Healthcare and the Pennsylvania Insurance Fraud Statute

The Pennsylvania Insurance Fraud law makes it a crime when healthcare providers engage in prohibited acts, defined in the law.  Violators are subject to civil penalties and criminal prosecution by the county district attorney or the Attorney General, if the conduct involves more than one county.  If a person is convicted under the Insurance Fraud Statute, then he or she may be subject to civil penalties of $5,000.00 for the first violation, $10,000.00 for the second violation, and $15,000.00 for each subsequent violation.  The court may also award court costs and reasonable attorney’s to be paid to the prosecuting authority.  If criminal proceedings are commenced, then the provider could be subject to significant punishment that may include probation or incarceration.  In addition to these penalties, a conviction could lead to loss or suspension of his or her professional license.  And finally, these matters are often made public which can ruin the healthcare provider’s reputation within the community.   The statute also allows the insurance company to institute civil proceedings against the defendant to recover damages, such as overpayments to the provider.

There are many enumerated provisions in the act that constitute an offense.  For example, the act states that a person commits insurance fraud when he or she “knowingly and with the intent to defraud any insurer or self-insured, presents or causes to be presented to any insurer or self-insured any statement forming a part of, or in support of, a claim that contains any false, incomplete or misleading information concerning any fact or thing material to the claim.”  Suppose that a chiropractor hires an unlicensed assistant to perform Myofascial Release Technique (MFR) on a patient.  MFR requires the skills and expertise of a licensed provider acting under his or her scope.  This chiropractor then submits a claim form to the insurance company for payment of Manual Therapy, CPT 97140, which is a code used to describe MFR.  When he reports the code, the chiropractor inserts his NPI number on the claim form, which tells the insurance payer that the chiropractor performed the service.  The chiropractor did this on each date of service for the patient, totaling 10 dates of service.  The chiropractor submitted 10 claims using CPT 97140, which were actually performed by the unlicensed assistant and not the chiropractor.

The insurance payer calls the patient to perform a routine follow-up.  The patient tells the insurance company that he is very happy with the services, especially the services from the unlicensed assistant.  The insurance payer then conducts an investigation and the evidence causes them to believe that the assistant provided the services to the patient and not the chiropractor, despite what the chiropractor reported on the claim form.  The insurance payer contacts the local district attorney and the attorney general then gets a warrant to enter the chiropractic office.  The agents seize hard drives, patient records, and interview the assistant who admits that she performed the MFR.

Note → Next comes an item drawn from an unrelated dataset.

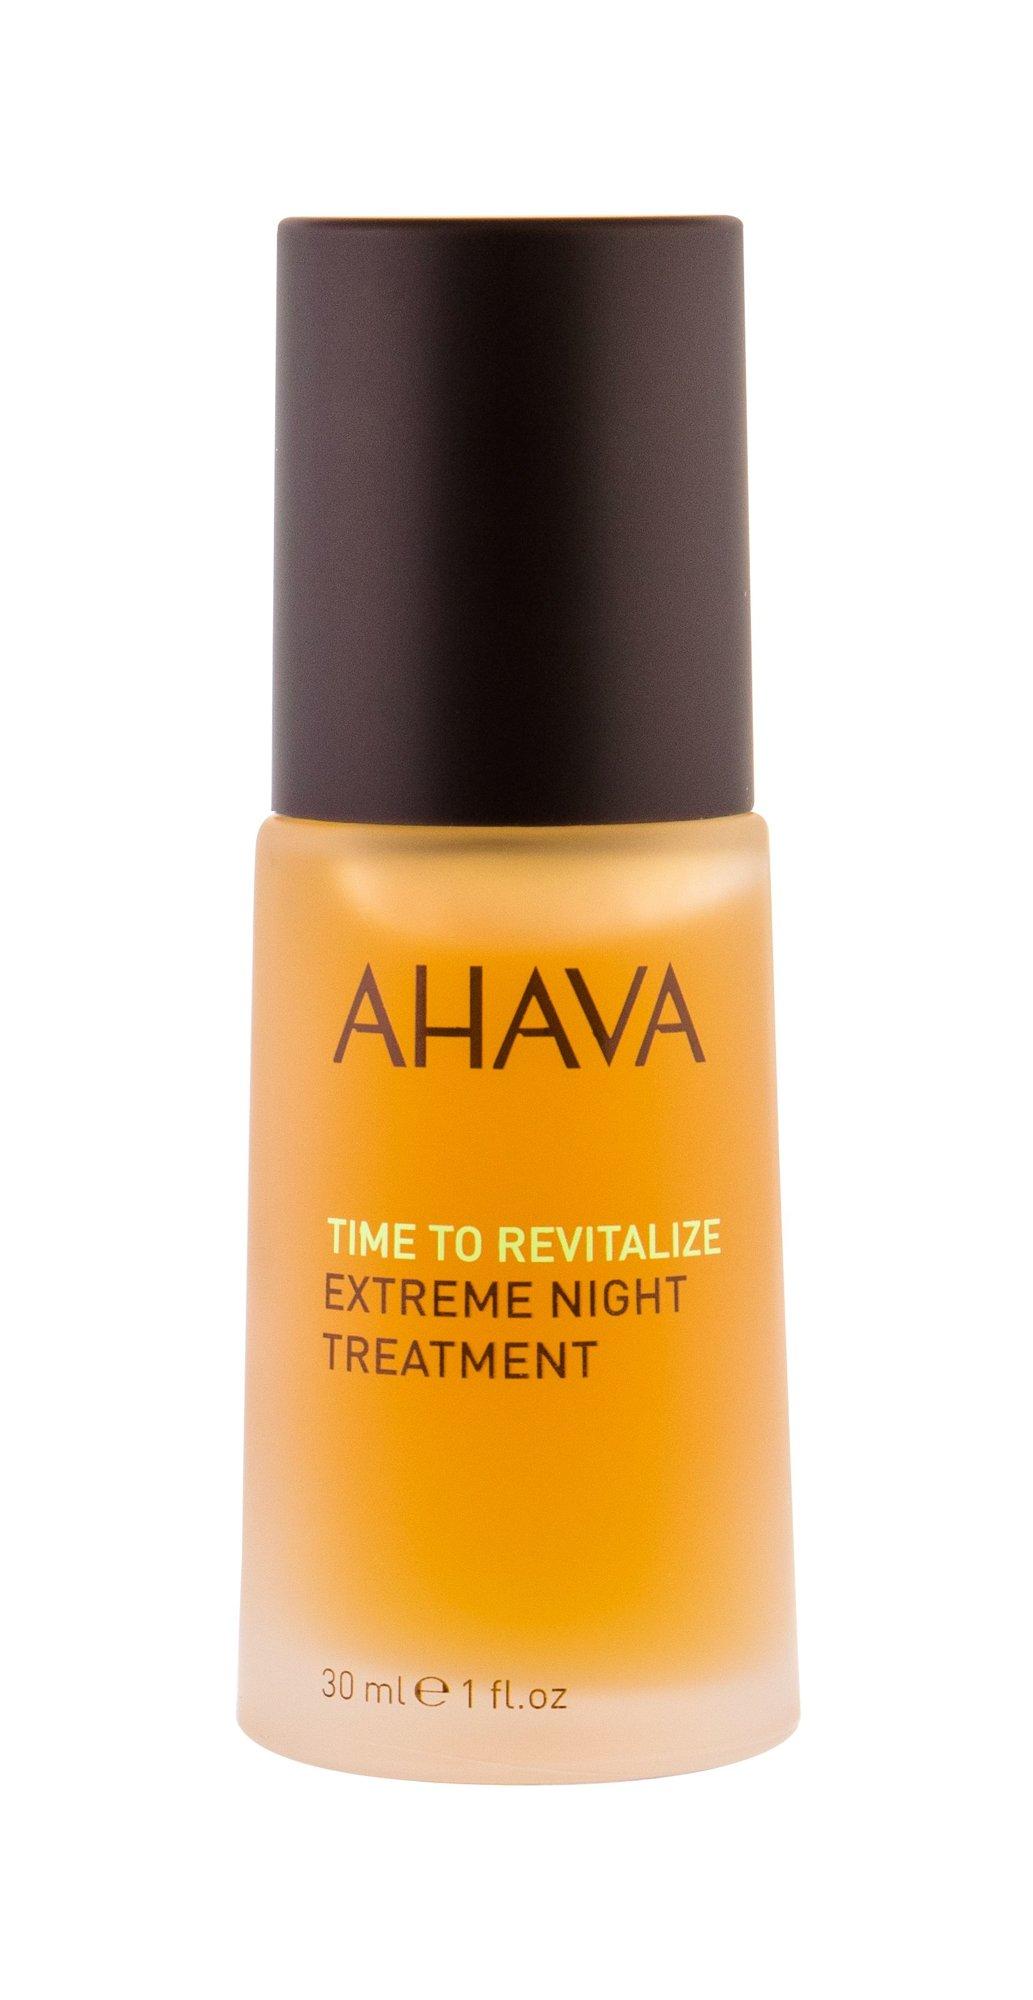 AHAVA Extreme Skin Serum 30ml  Time To Revitalize

In this all too common scenario, the chiropractor could face a number of problems.  First, the insurance company will take action against the chiropractor to recover the payments that are now deemed improper, since unlicensed personnel are not reimbursed for CPT 97140.  Second, the district attorney can bring criminal charges under the Insurance Fraud Act, alleging that the chiropractor “knowingly and with intent to defraud” presented the claim forms to the insurance company that contained “false information”.  In this case, the false information is the NPI of the chiropractor on the claim form that misrepresented who actually provided the service.  Third, the State Board of Chiropractic may pursue its own disciplinary proceedings against the chiropractor, including suspending his license.

Under the Insurance Fraud Act, the district attorney will pursue civil penalties for each of the 10 claims that were submitted for CPT 97140.  The first claim = $5,000.00, the second claim = $10,000.00 and then the next 8 claims (multiplied by $15,000.00 for third claim and subsequent claims) = $120,000.00 for a total of $135,000.00.  In addition, the chiropractor may have to pay the costs and attorney’s fees for the Commonwealth.  This same chiropractor may end up with a criminal record, jail time, and probation.

The Insurance Fraud Act protects insurance companies and the consumers from the unlawful acts of the healthcare providers.  Healthcare providers are required to know, understand and comply with laws, regulations and policies with regards to billing, coding and documenting claims.  Healthcare providers should protect themselves and avoid submitting improper claims by consulting with a healthcare attorney who can implement a compliance program for the provider and provide advice and guidance for claims submissions to insurance payers.